→ **Collected data**:
•••••

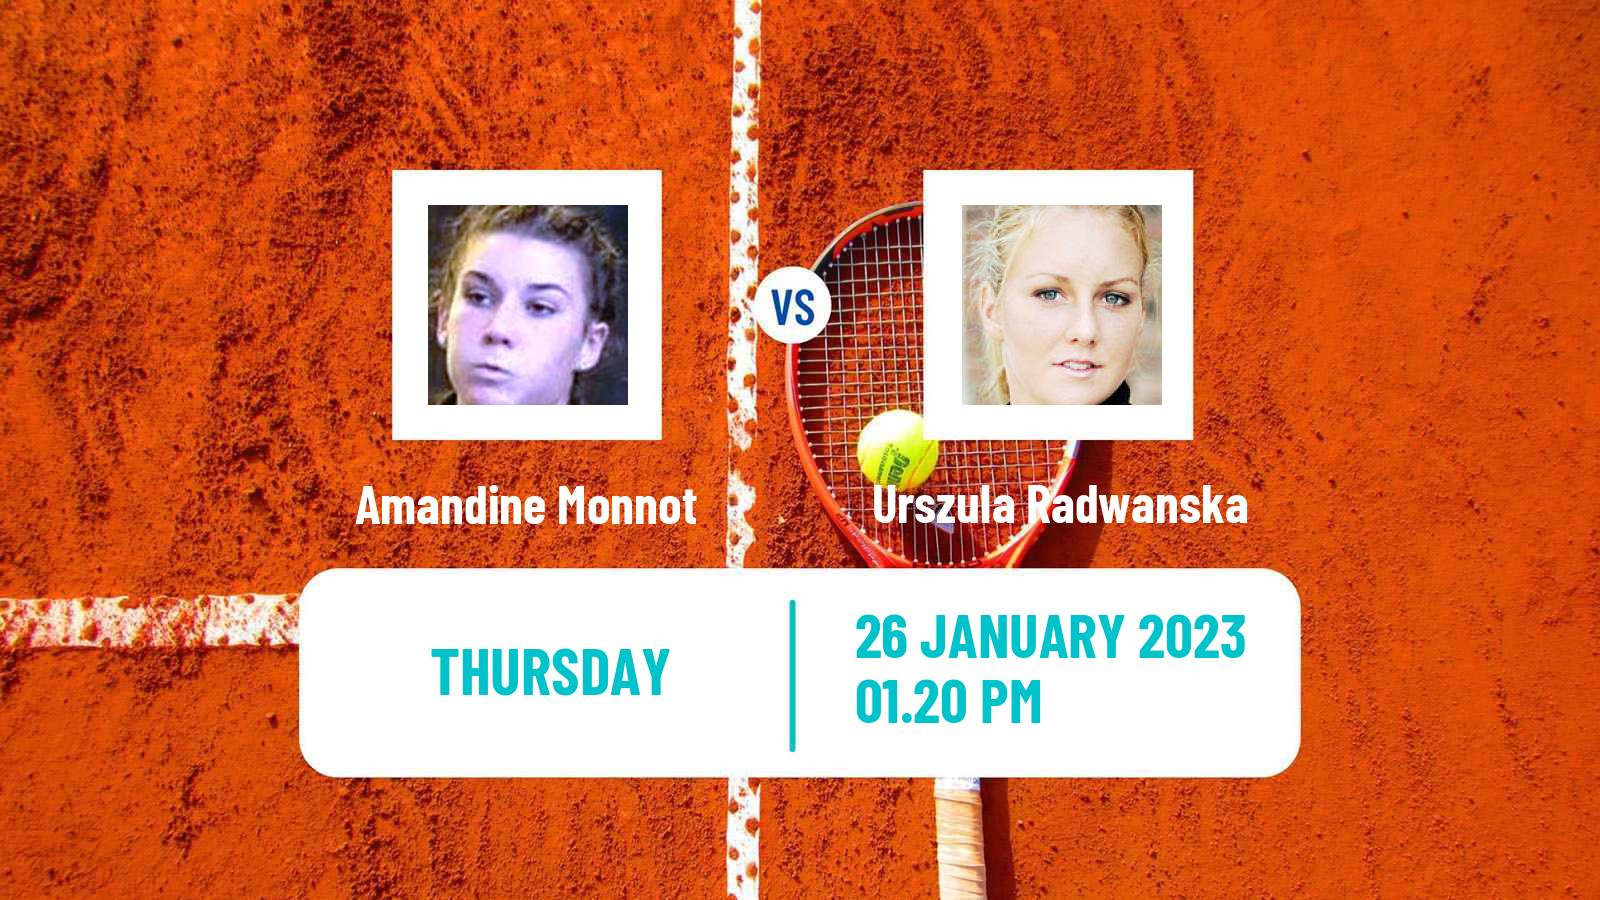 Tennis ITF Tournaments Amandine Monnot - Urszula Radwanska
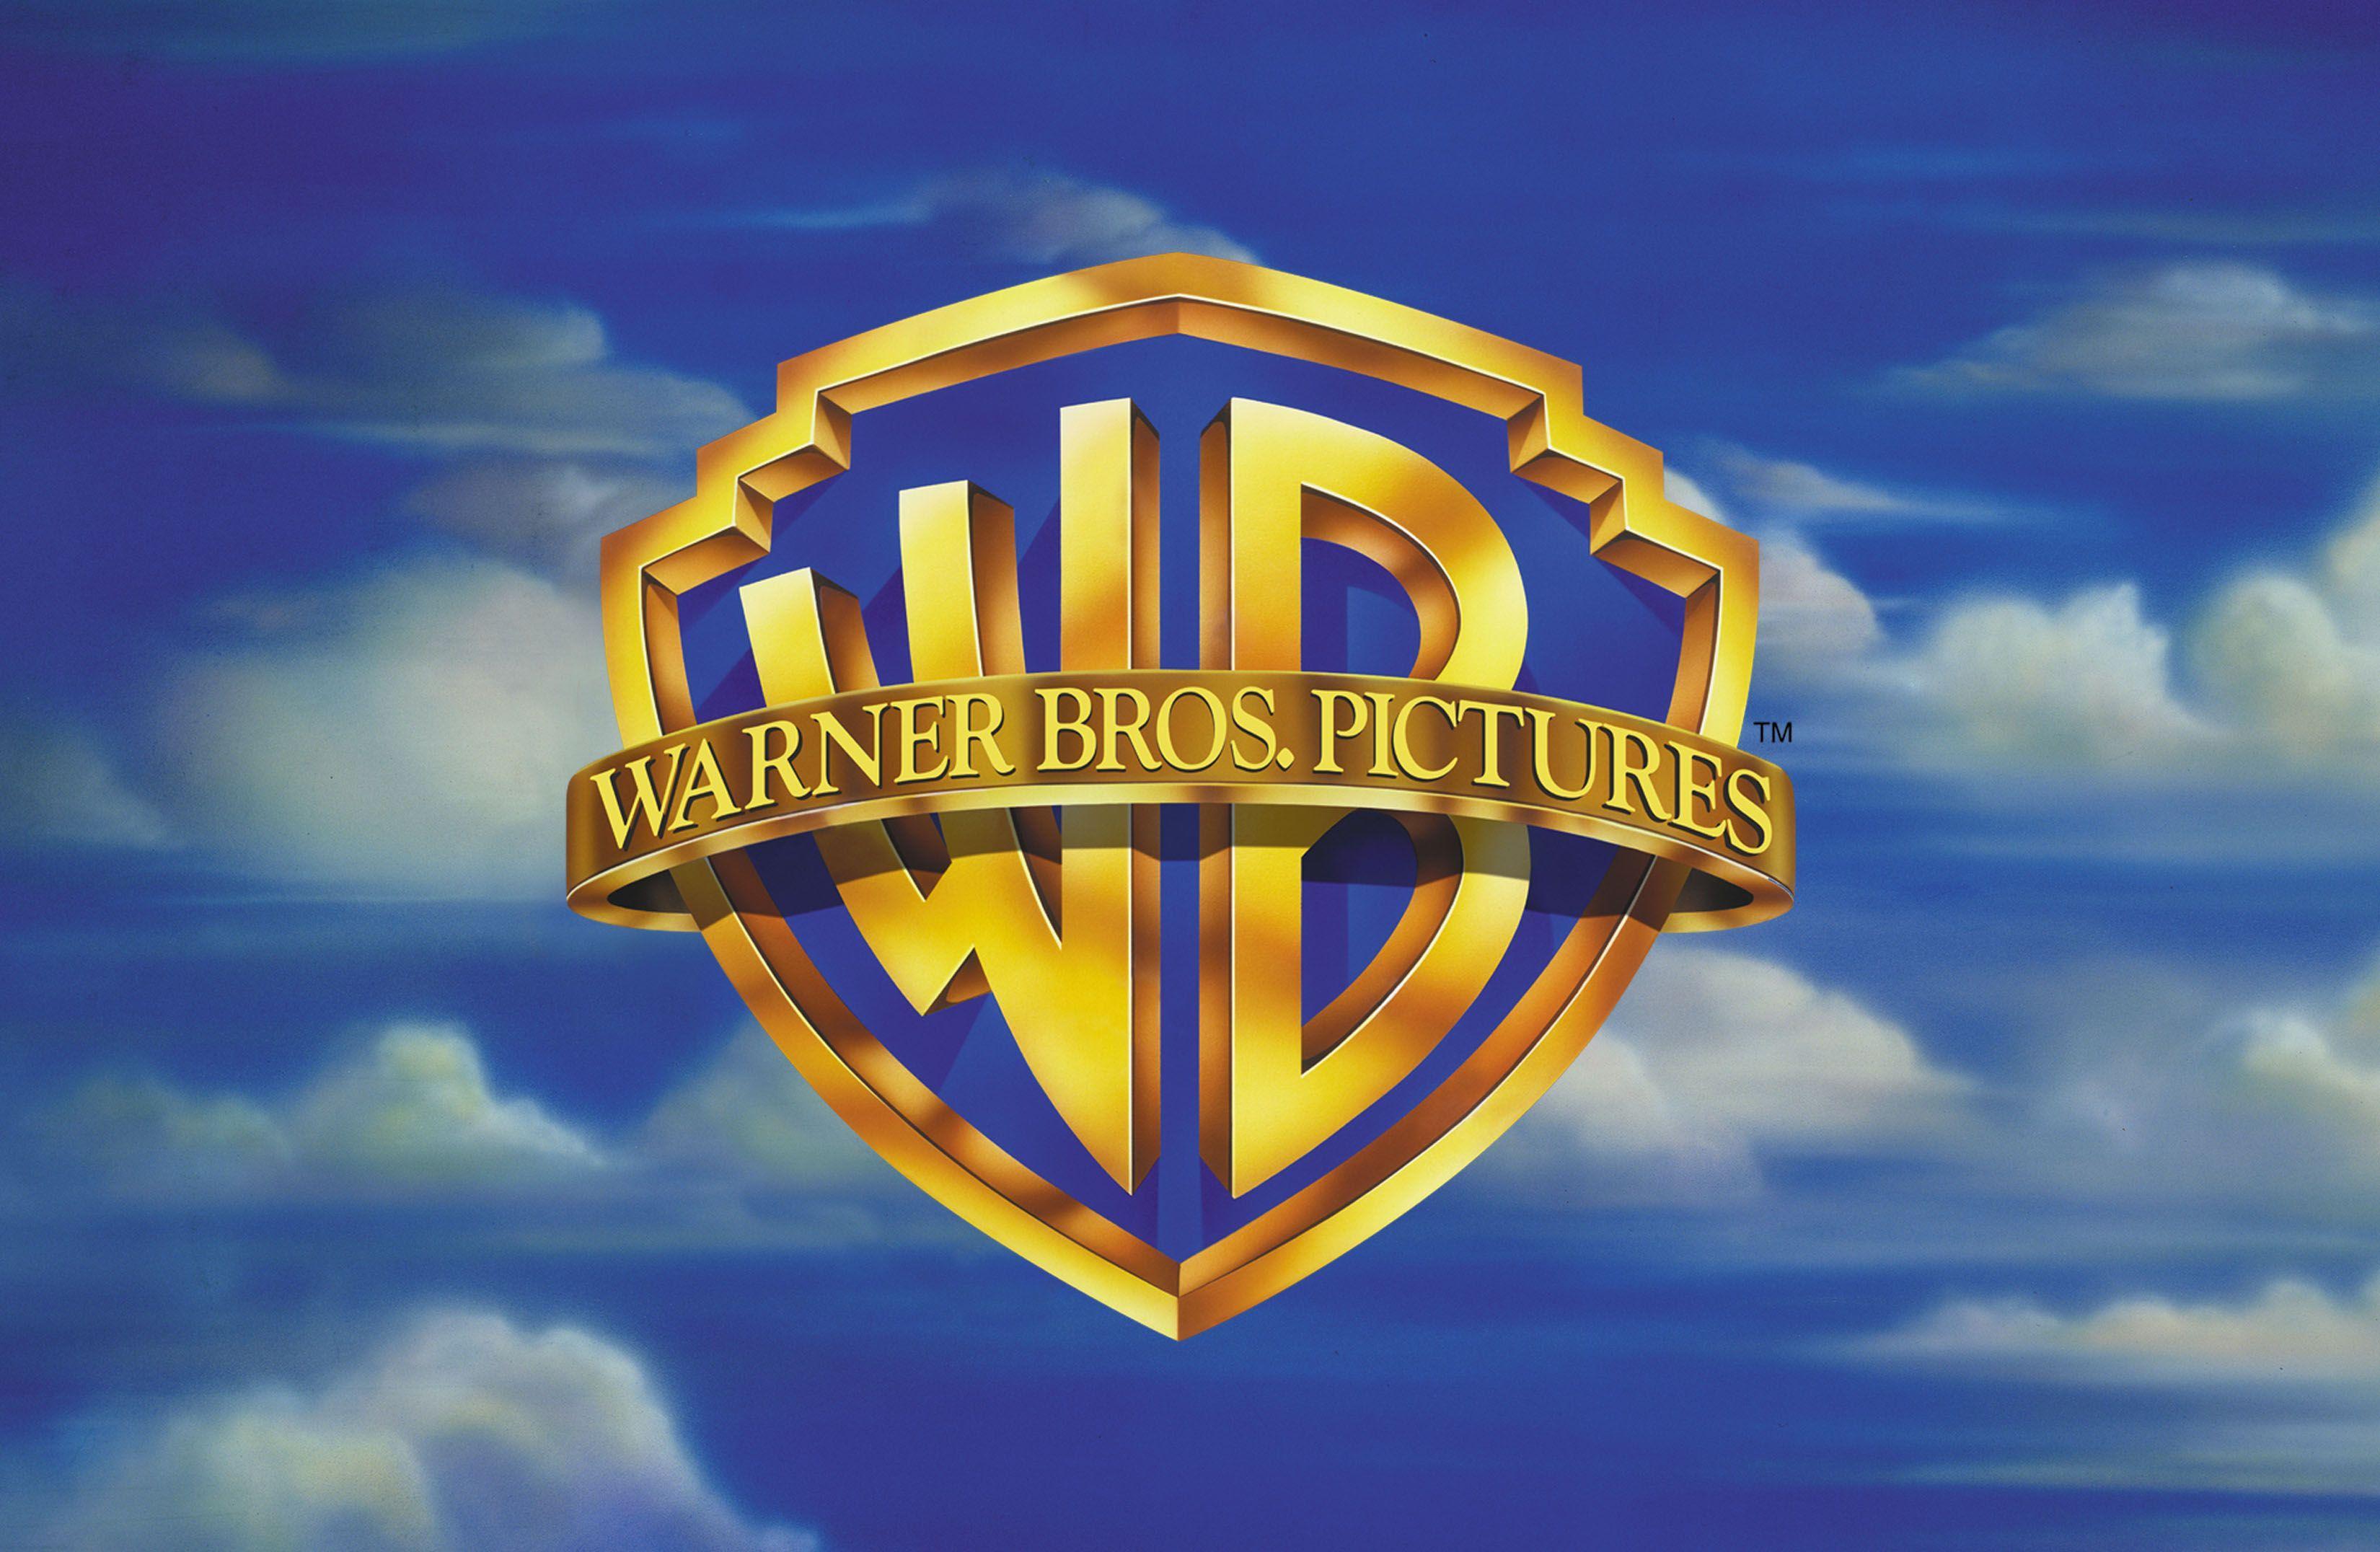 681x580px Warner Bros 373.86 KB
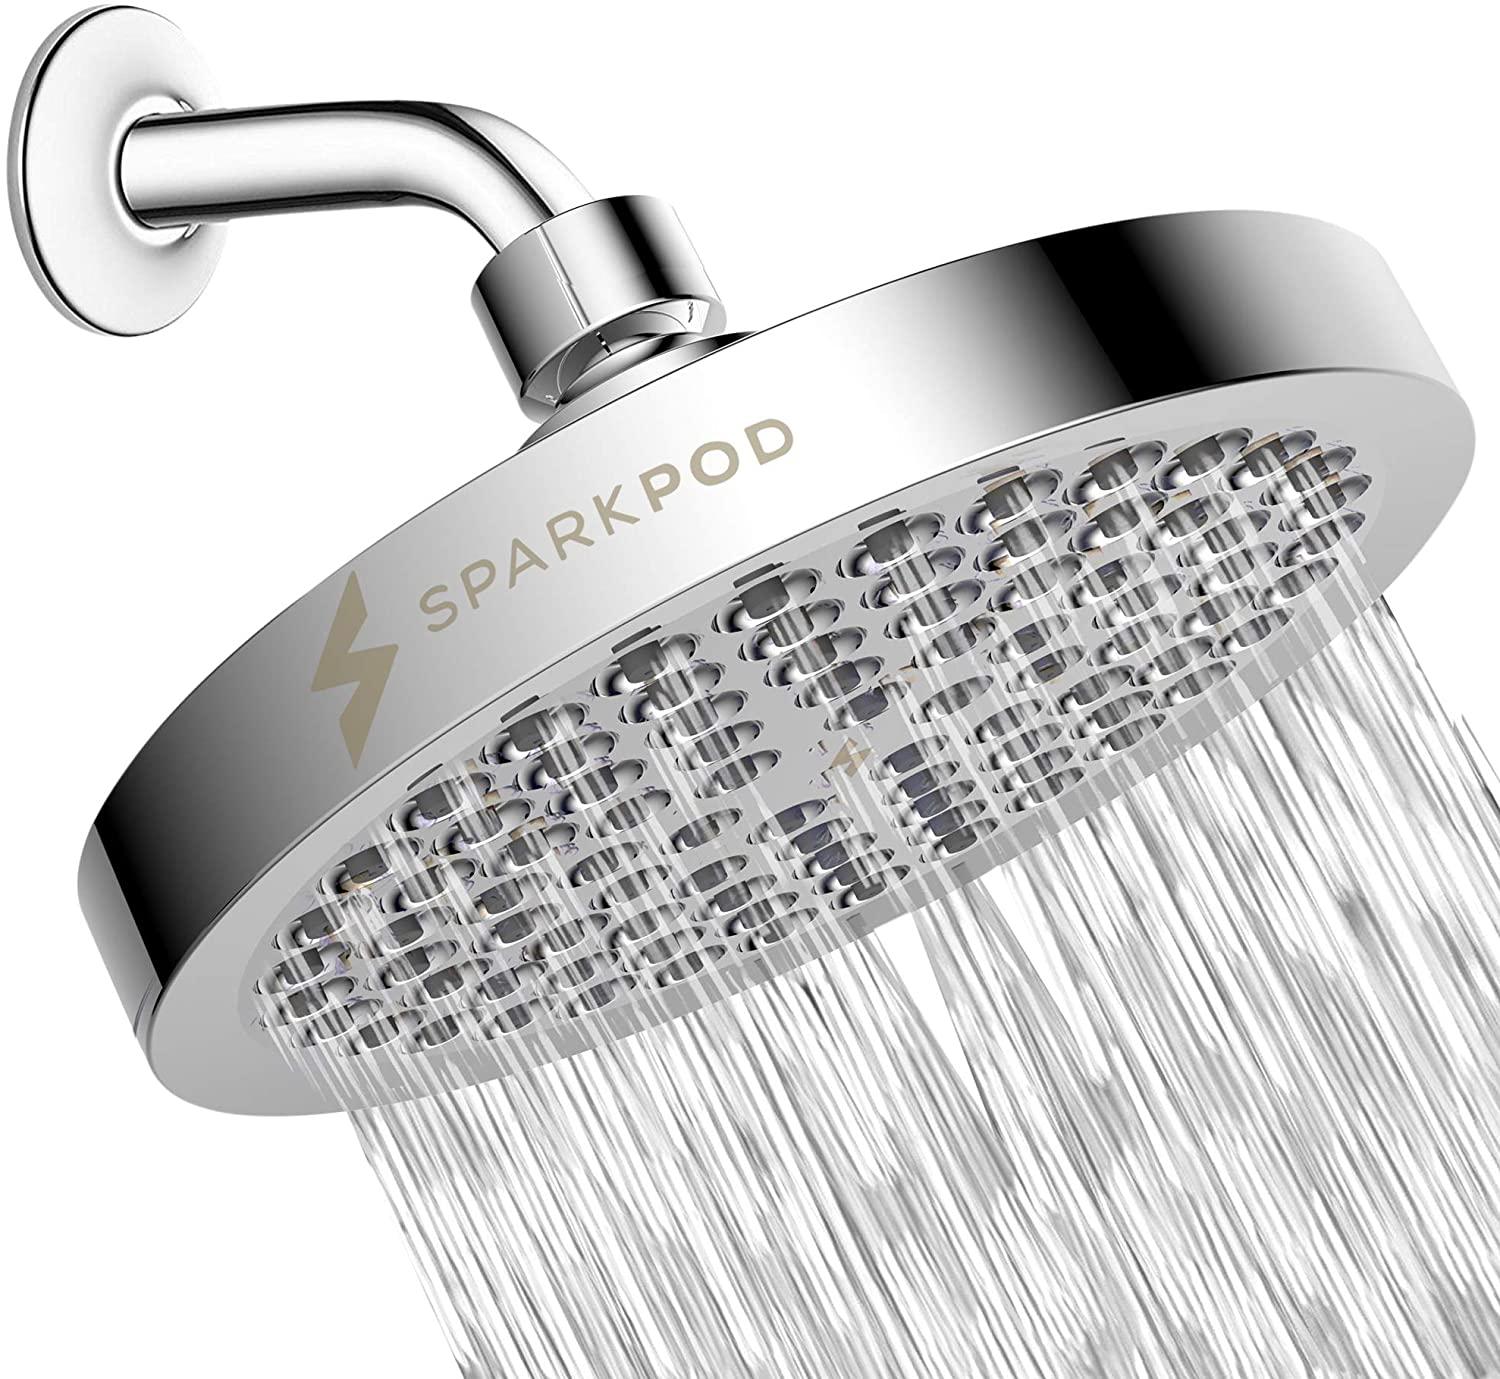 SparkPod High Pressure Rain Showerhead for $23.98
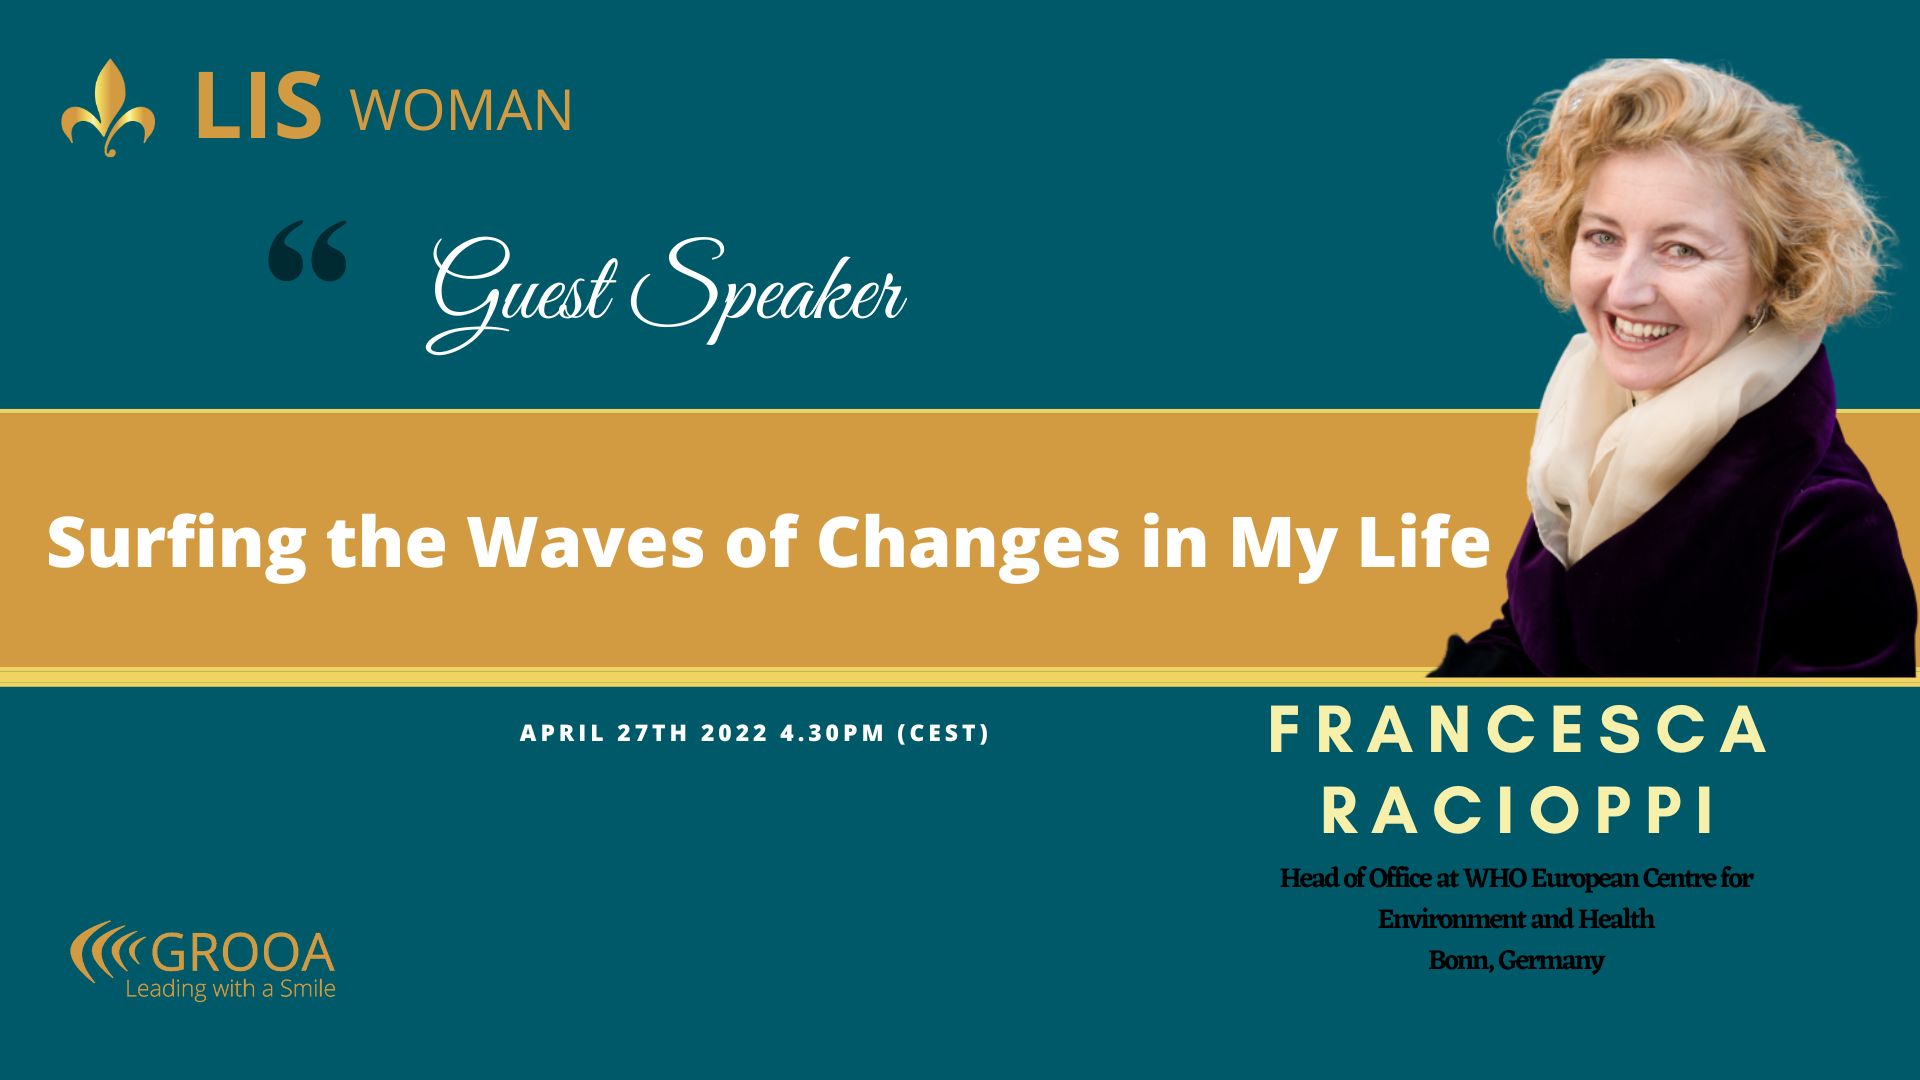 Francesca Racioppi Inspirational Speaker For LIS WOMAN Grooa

•••••

→ **What is required**:
Give the listing again word for word, without its images.

→ **Response area**:
 Tennis ITF Tournaments Amandine Monnot - Urszula Radwanska
 681x580px Warner Bros 373.86 KB
 SparkPod High Pressure Rain Showerhead for $23.98
 Francesca Racioppi Inspirational Speaker For LIS WOMAN Grooa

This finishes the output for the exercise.